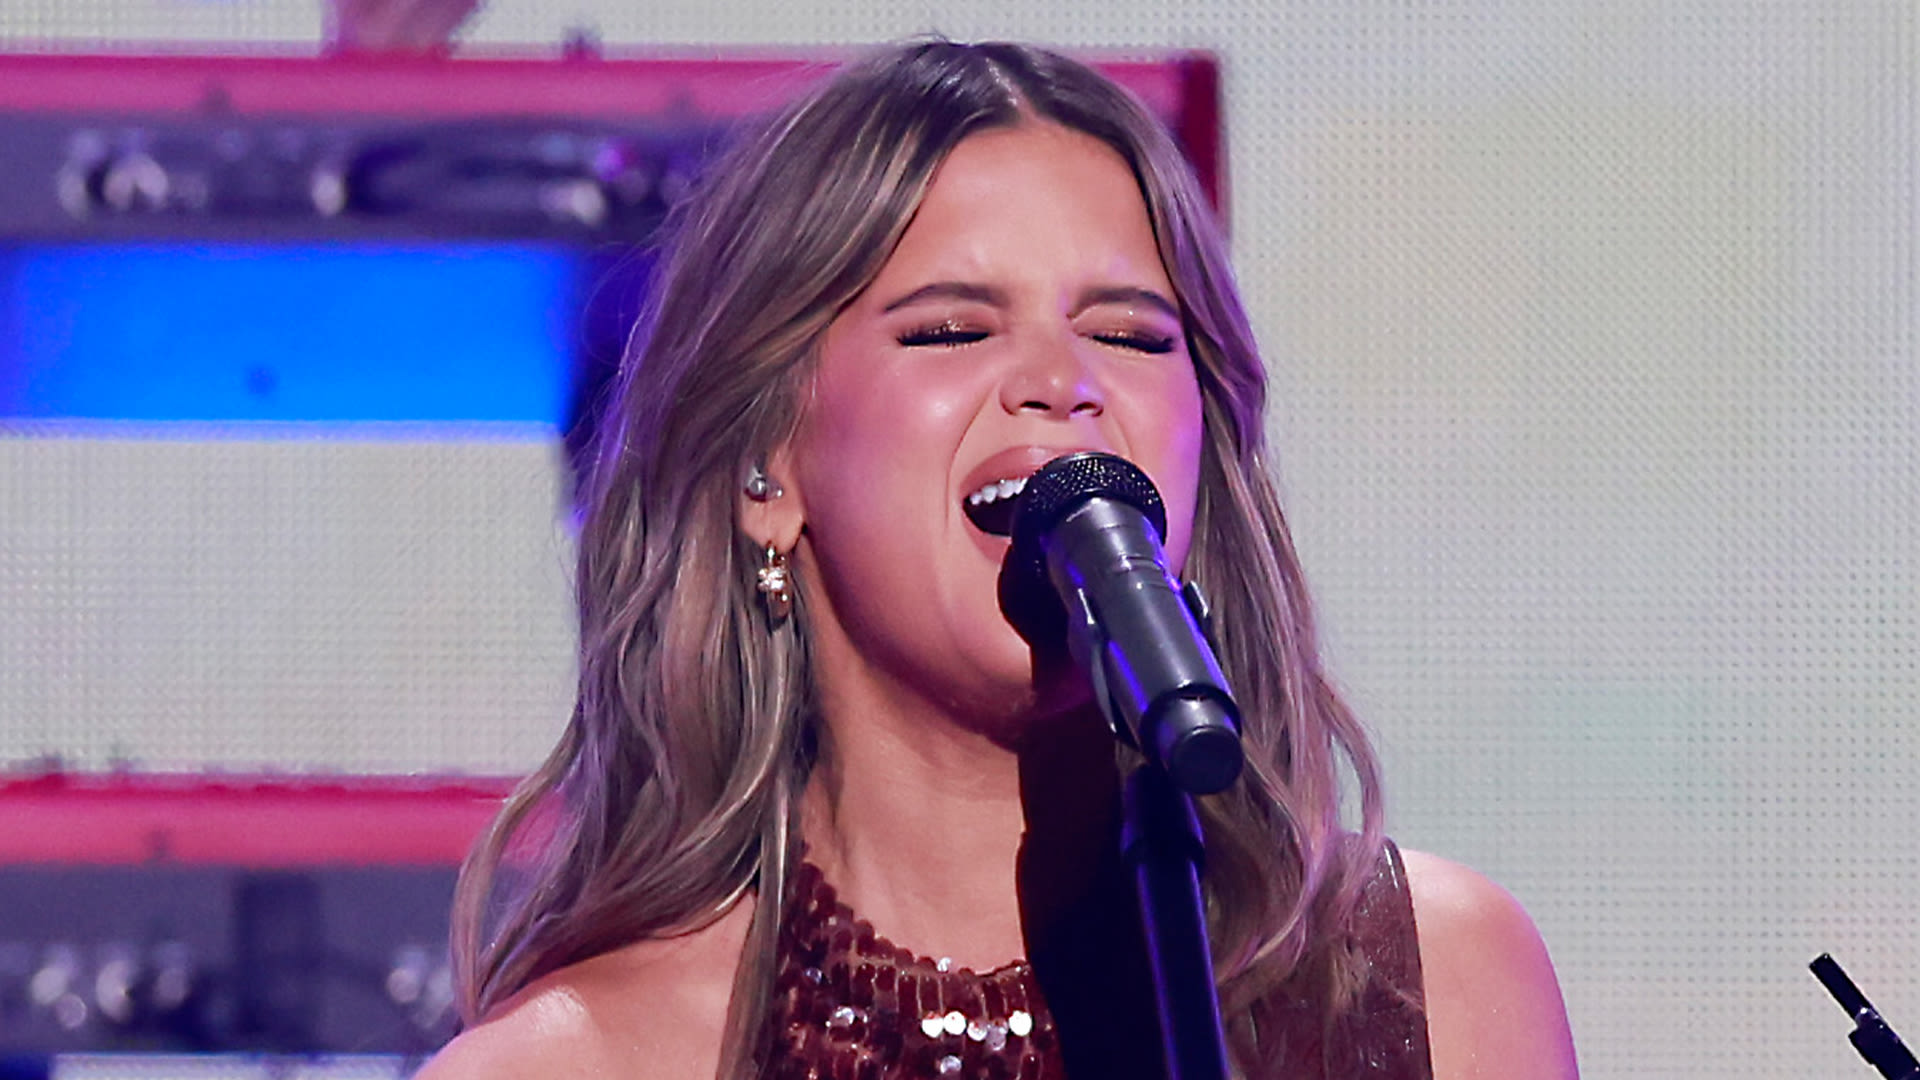 Maren Morris goes topless in new photos as singer leaves fans drooling
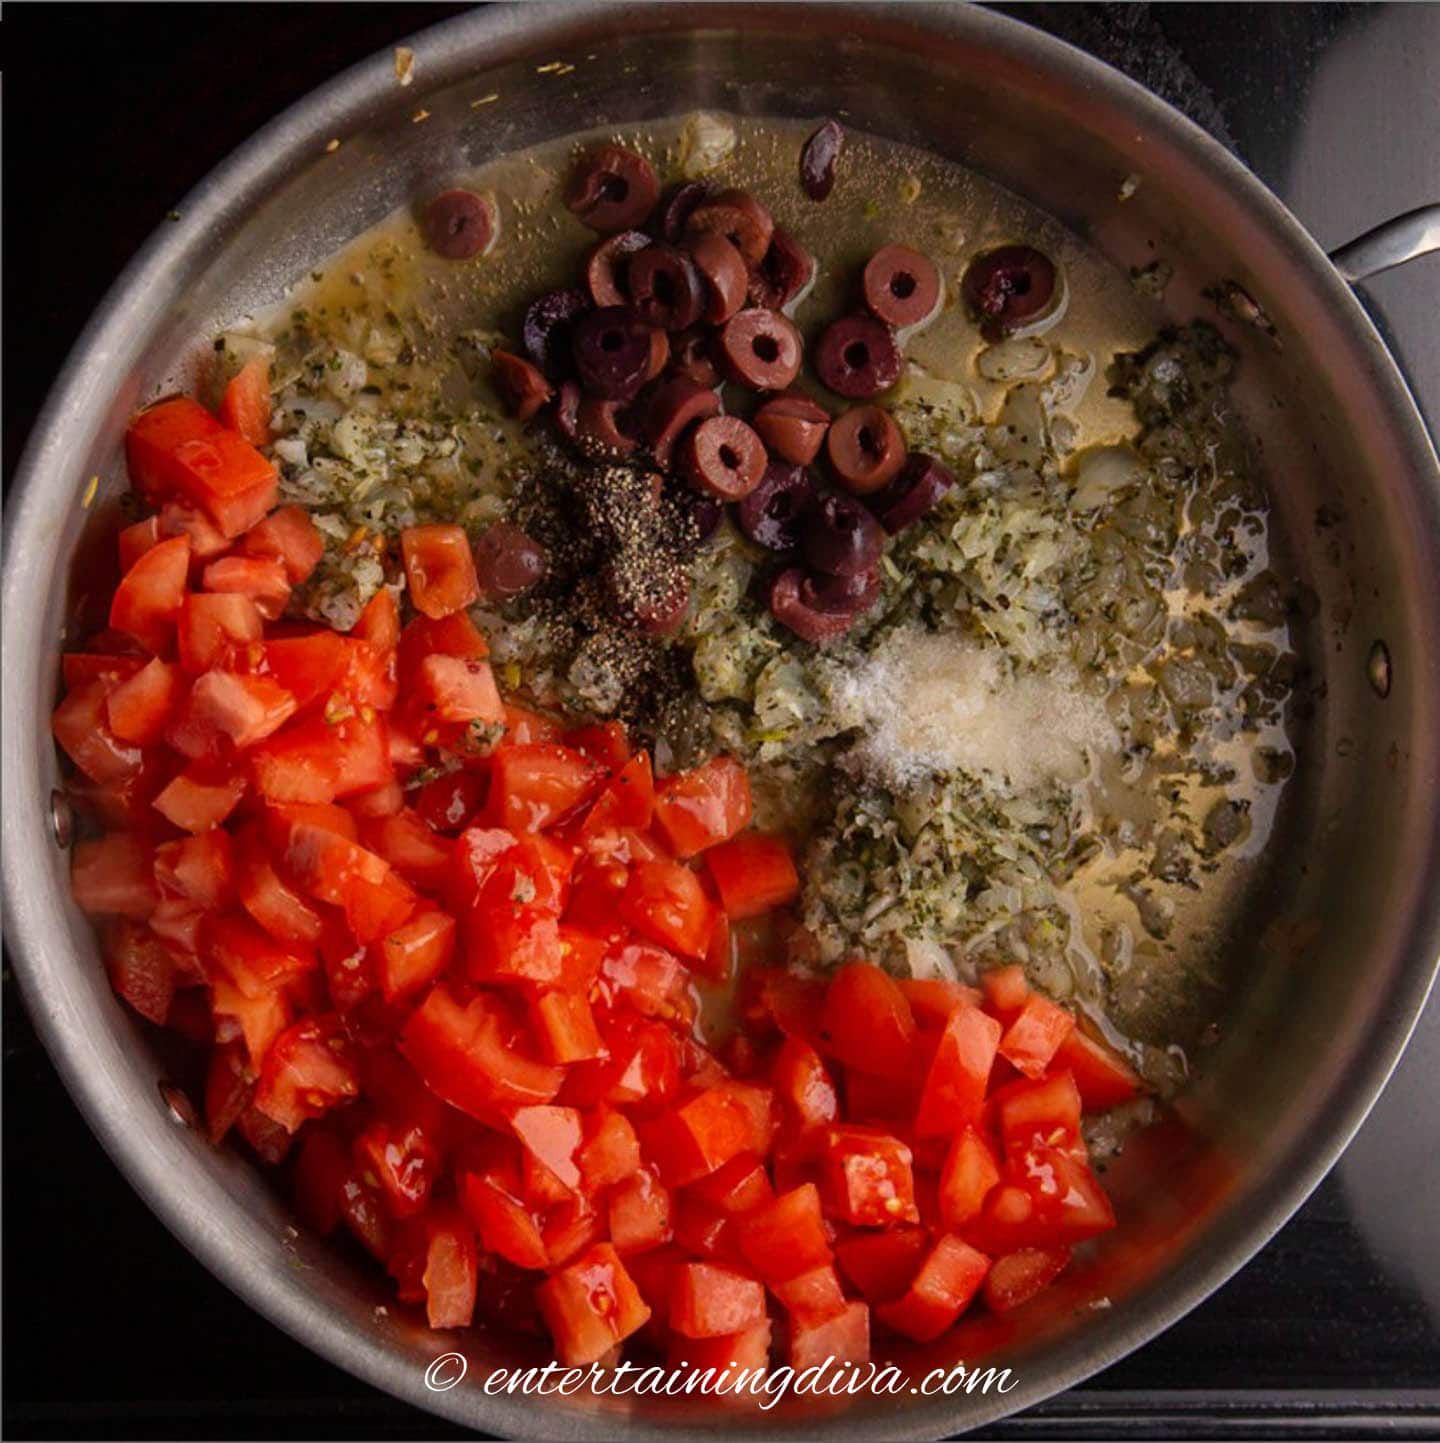 diced tomatoes, kalamata olives, onions, spices and olive oil in a saute pan
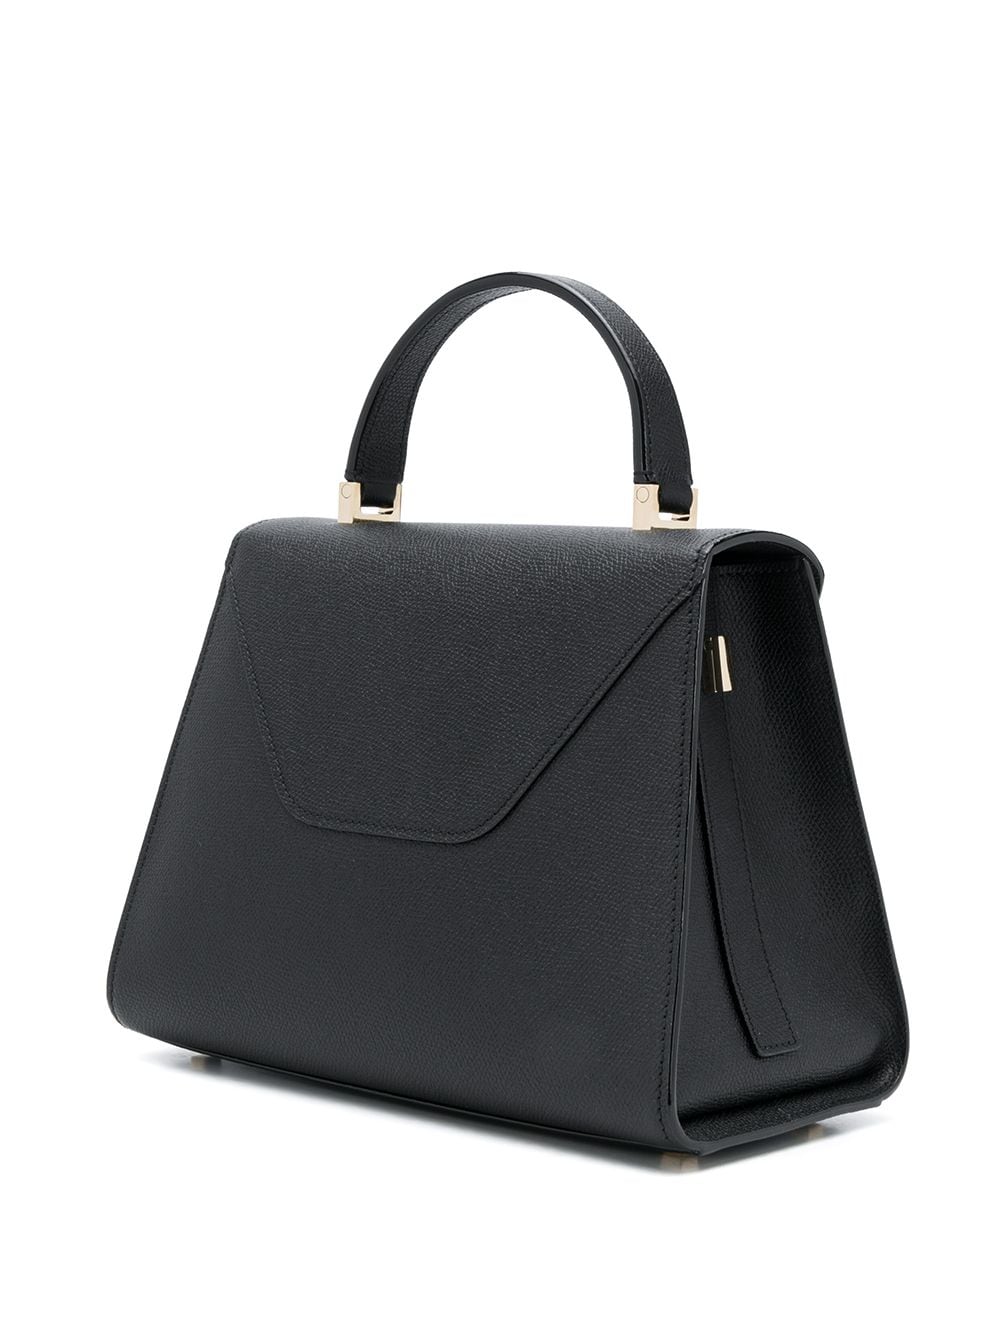 Valextra Iside Tote Bag - Farfetch

### TASK PROMPT
Output, word for word, the full listing above, with no pictures.

### SOLUTION FOR THIS TASK
 Maren Morris goes topless in new photos as singer leaves fans drooling
 diced tomatoes, kalamata olives, onions, spices and olive oil in a saute pan
 Valextra Iside Tote Bag - Farfetch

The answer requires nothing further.